Help needed with a script to create RTF files with max width


I have been working on a script (see below) to get Microsoft Word to split a large RTF file into smaller files (splitting the document where it finds a date). Everything works fine except that I would like the RTF files created to fit to the width of the view/window in DT, as happens when you create new RTF files in DT. At present the RTF files have a fixed width which doesn’t fill the space. I am aware that I could manually drag the right margin tab in the view to the right edge in DT to make the text fit the view, but because we are talking about a very large number of RTFs I would rather avoid this.

Ideally there would be a way to script MS Word to change the formatting of the RTF files before saving, but I have not found a way to do so, and it may not be possible.

So then I wondered whether it would be possible to adapt the script so that the new RTFs are created directly in DT, i.e. each section of text identified in the script is copied to the clipboard and a new RTF file is created in DT from the clipboard. Hopefully this way the RTF files would have the formatting I would like.

But I am open to any suggestions from those who are more in the know.

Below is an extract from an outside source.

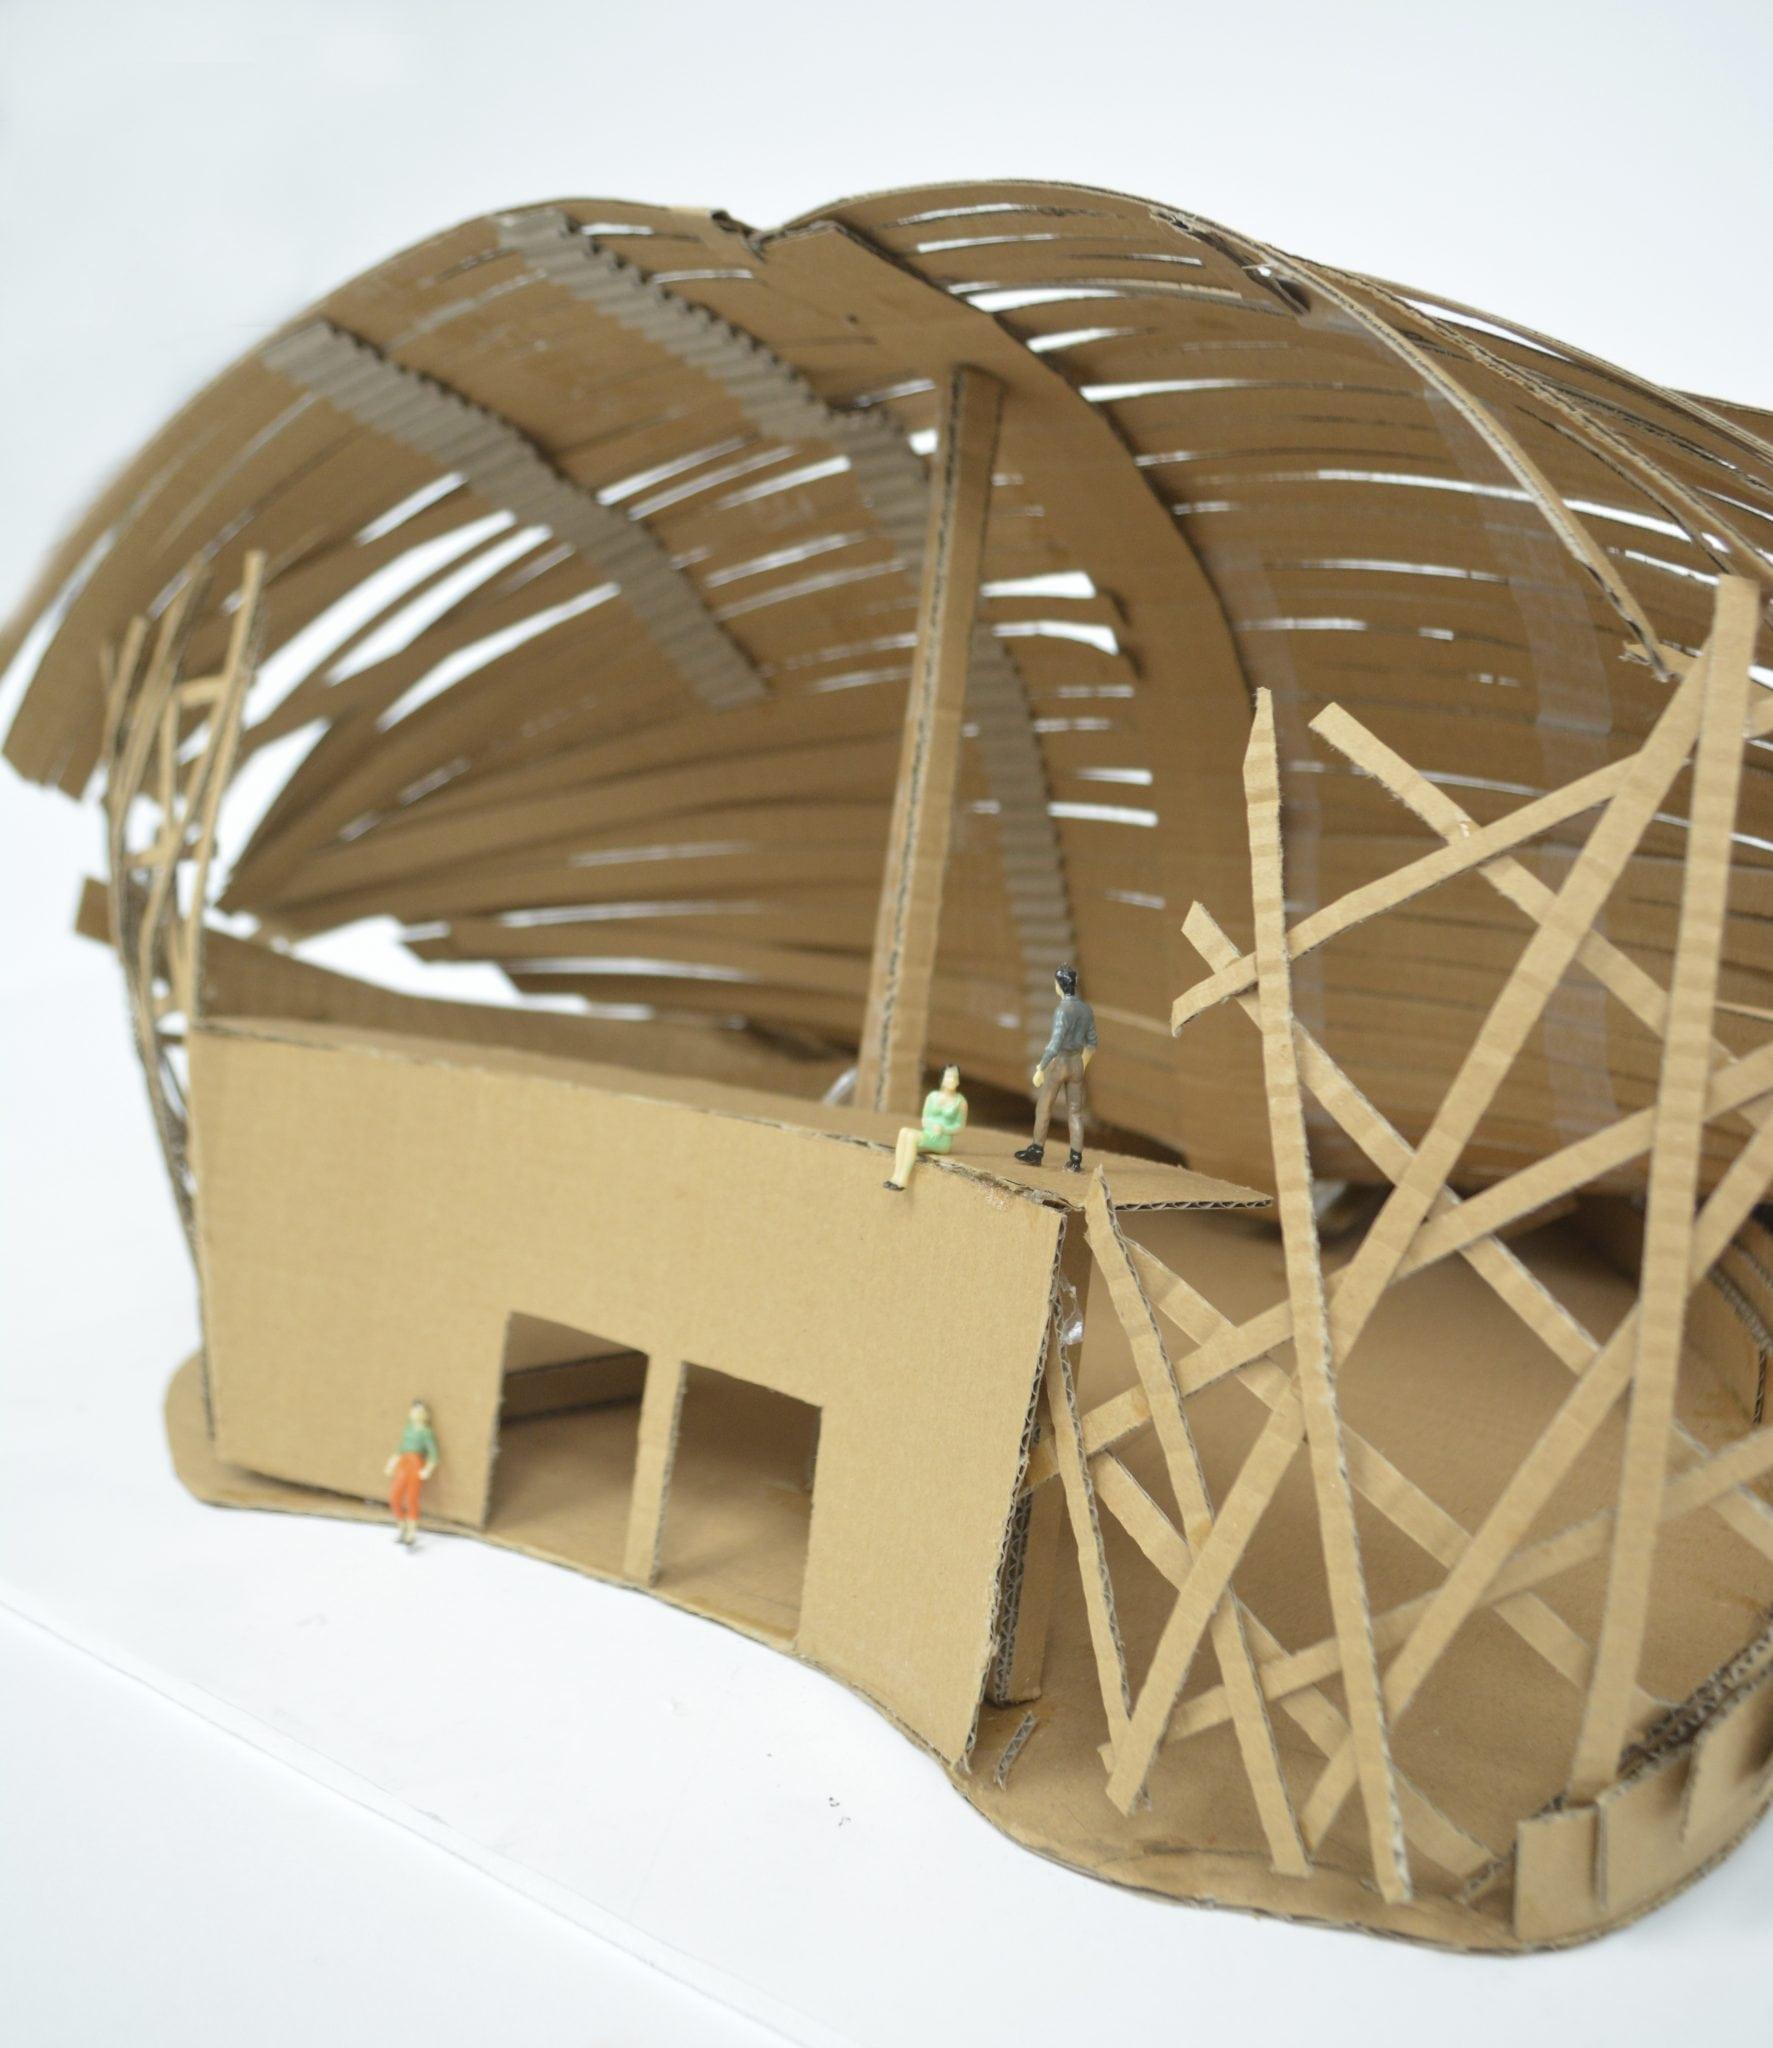 Interior Architecture students create Cardboard City

property monthNameList : "JanFebMarAprMayJunJulAugSepOctNovDec"
property isEmptyLineAfterDateLine : true

property destinationFolder : missing value

set sourceFile to choose file

set newDocCount to 0
tell application "Microsoft Word"
	open sourceFile
	set aDoc to active document
	set docName to name of aDoc
	set numberOfParagraphs to count paragraphs of aDoc
end tell
if docName ends with ".rtf" then set docName to text 1 thru -5 of docName
set destinationFolder to ((path to desktop as text) & docName)
do shell script "/bin/mkdir -p " & quoted form of POSIX path of destinationFolder
repeat with i from 1 to numberOfParagraphs
	tell application "Microsoft Word" to set textValue to content of text object of paragraph i of aDoc
	set {dy, mn, yr} to checkDate(textValue)
	if dy is not false then
		if newDocCount is not 0 then
			makeNewDocument(aDoc, low, i - 1, fileName)
		end if
		set low to i + 1 + (isEmptyLineAfterDateLine as integer)
		set newDocCount to newDocCount + 1
		set fileName to yr & "-" & mn & "-" & dy & ".rtf"
	else if dy is false and i = numberOfParagraphs then
		makeNewDocument(aDoc, low, i, fileName)
	end if
end repeat

on makeNewDocument(aDoc, fromParagraph, toParagraph, fName)
	tell application "Microsoft Word"
		set myRange to create range aDoc start (start of content of ¬
			text object of paragraph fromParagraph of aDoc) end (end of content ¬
			of text object of paragraph toParagraph of aDoc)
		select myRange
		copy object selection
		set newDoc to make new document
		paste object text object of newDoc
		save as newDoc file name (destinationFolder & ":" & fName) file format format rtf
		close front document
	end tell
end makeNewDocument

on checkDate(theString)
	set {TID, text item delimiters} to {text item delimiters, space}
		set {dy, mn, yr} to text items of theString
		if (count mn) < 3 or (count yr) < 4 then error
			dy as integer
			set dy to text -2 thru -1 of ("0" & dy)
		on error
		end try
		set monthOffset to offset of (text 1 thru 3 of mn) in monthNameList
		if monthOffset = 0 then
			set mn to text -2 thru -1 of ("0" & (monthOffset div 3) + 1)
		end if
		if (count yr) > 4 then set yr to text 1 thru 4 of yr
			yr as integer
		end try
		set text item delimiters to TID
		return {dy, mn, yr}
	on error
		set text item delimiters to TID
		return {false, false, false}
	end try
end checkDate


I don’t have Word, but you might want to cosy up to “attribute runs” in Applescript:

tell application "DEVONthink Pro"
	get properties of every attribute run of rich text of content 1 of database 1
end tell

There are only a limited number of RTF attributes that Apple/DTPO supports, and they are:

background color
baseline offset
first line head indent
head indent
line spacing
maximum line height
minimum line height
paragraph spacing
properties (ie all of these in record format)
tail indent

You probably want to look at the “indent” properties, which I believe control the margins.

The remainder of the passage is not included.